Kenya ouvre (enfin) son ambassade à Rabat : quand Nairobi range le sabre pour la boussole diplomatique
Bouchaib El Bazi
Par les temps qui courent, les miracles diplomatiques ne tombent plus du ciel , ils arrivent par vol régulier, avec tapis rouge et communiqués bien lustrés. Ce lundi, Rabat s’apprête à dérouler l’un de ces tapis en l’honneur de Musalia Mudavadi, ministre des Affaires étrangères du Kenya, attendu pour inaugurer en grande pompe la toute première ambassade de son pays au Maroc.
Oui, vous avez bien lu , le Kenya, ce même pays qui, pendant des décennies, jonglait entre neutralité proclamée et clins d’œil appuyés à la cause séparatiste du polisario, semble vouloir troquer ses habits de funambule pour un costume taillé sur mesure dans les ateliers feutrés de la realpolitik.

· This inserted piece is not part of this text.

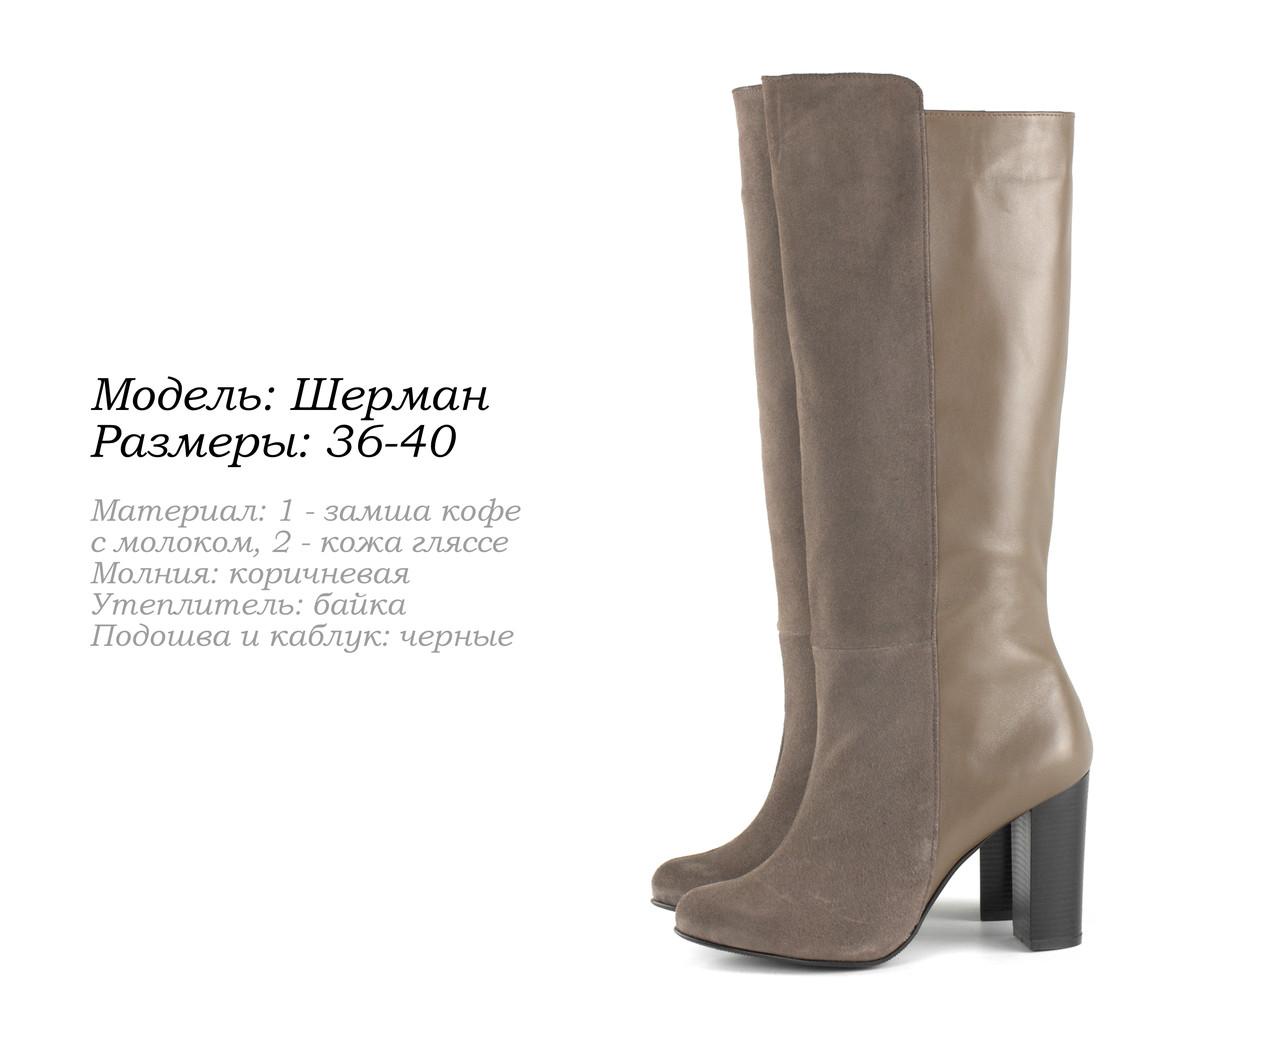 bc2f4d7e9 Сапоги кожаные на ровном каблуке.: продажа, цена в Днепре. сапоги ...
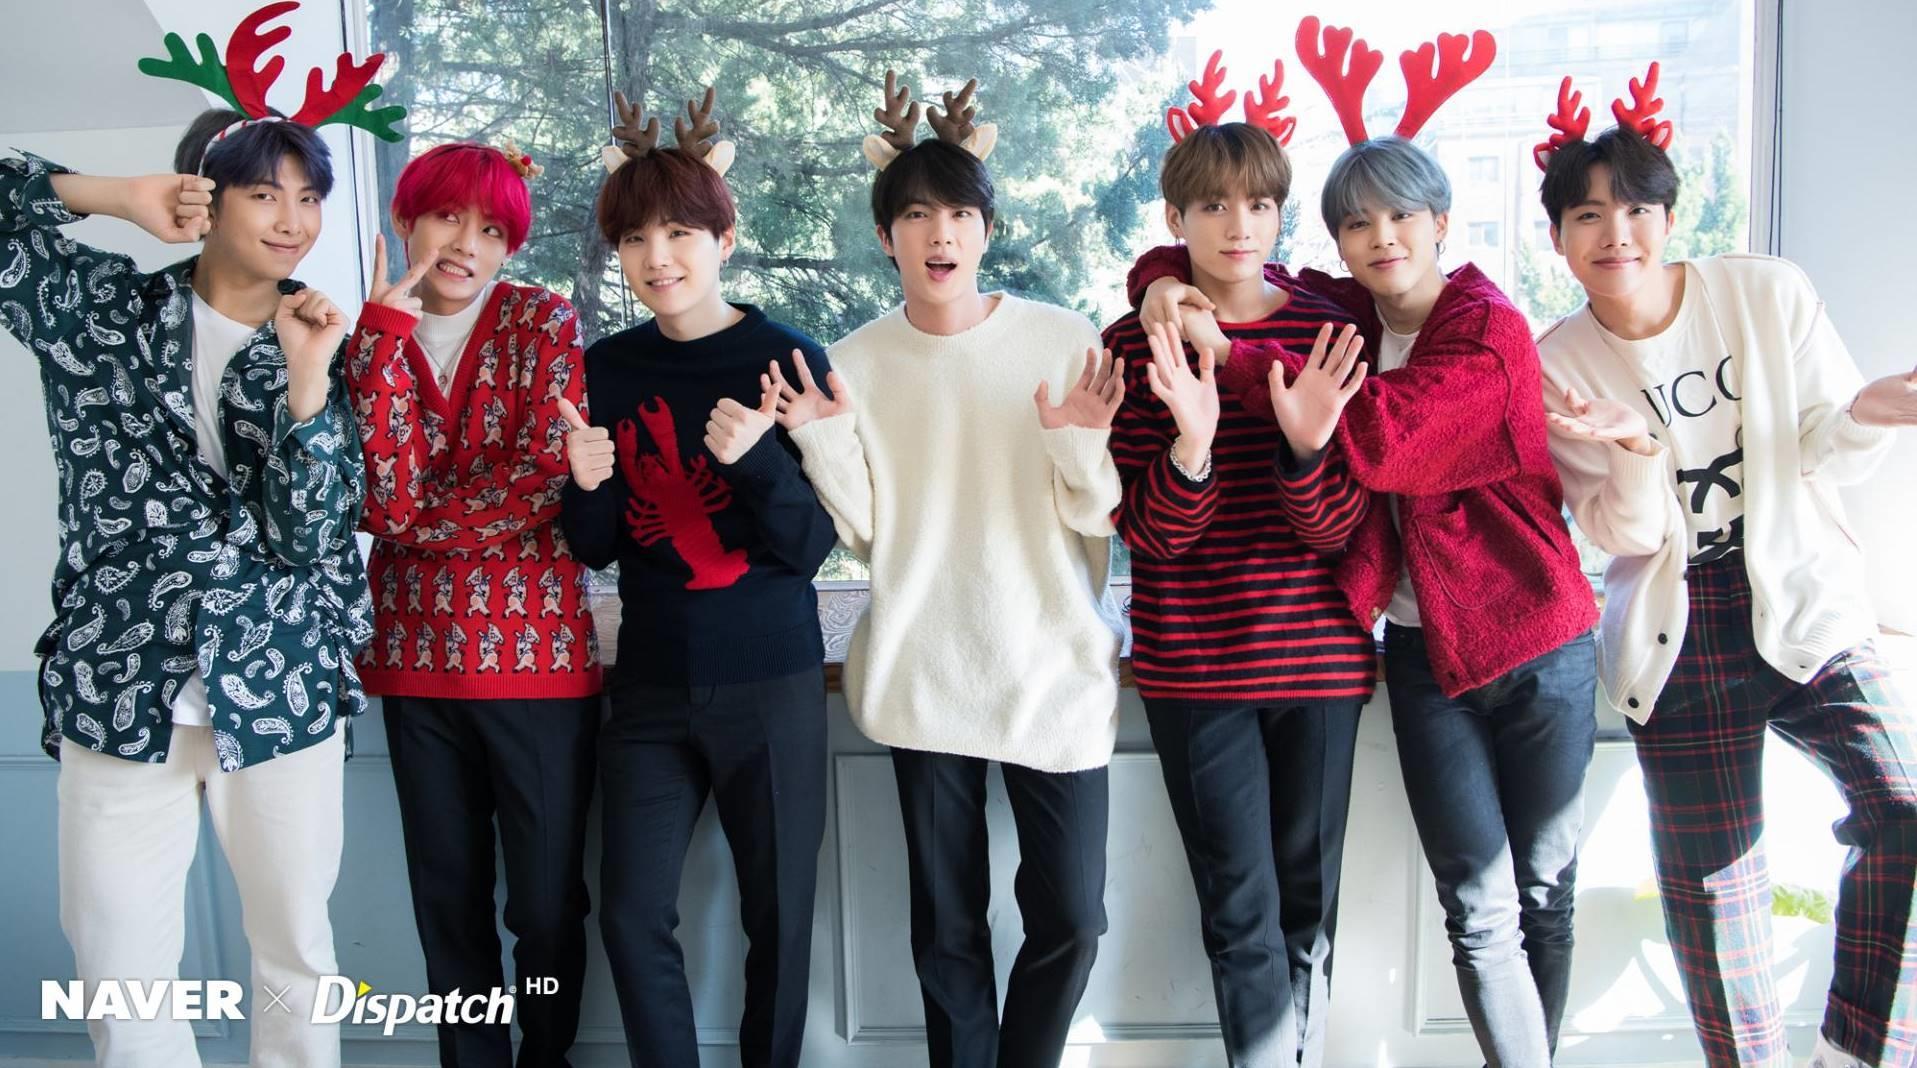 BTS BTS Wallpaper 41811926 Fanpop

Selon le très sérieux journal kenyan The Eastleigh Voice – qu’on jure ne pas avoir inventé pour l’occasion – l’ambassadrice Jessica Gakinya, fraîchement accréditée à Rabat, a déjà envoyé ses cartons d’invitation pour la cérémonie d’ouverture. En guest-star , Nasser Bourita, chef de la diplomatie marocaine, connu pour faire plier des positions plus rigides que l’acier congolais.
L’événement a tout d’un tournant. Car enfin, le flou artistique dans lequel Nairobi baignait depuis des lustres au sujet du Sahara occidental laissait croire que la boussole kenyane était restée coincée sur “mode aléatoire”. Mais voilà que le vent tourne, et pas seulement du côté de l’océan Indien. Ce réajustement discret – mais hautement symbolique – laisse penser que le Kenya cherche désormais à ne plus être simplement “africain solidaire”, mais “africain stratégique”.
Faut-il y voir une reconnaissance implicite des intérêts mutuels entre Rabat et Nairobi ? Ou, plus prosaïquement, la prise de conscience qu’on ne fait pas de croissance avec des slogans creux, mais avec des partenariats concrets, une balance commerciale équilibrée, et des ambassades qui ne dorment pas à l’hôtel ?
Dans tous les cas, l’ouverture de cette ambassade sonne comme un adieu discret aux nostalgies idéologiques d’un autre siècle. Un geste qui, sans grande déclaration fracassante, en dit long sur l’évolution des mentalités africaines , moins d’embrassades révolutionnaires, plus d’accords bilatéraux.
Alors, rendez-vous lundi, pour une cérémonie où l’on sabrera peut-être le champagne… mais sûrement pas les relations avec le Maroc.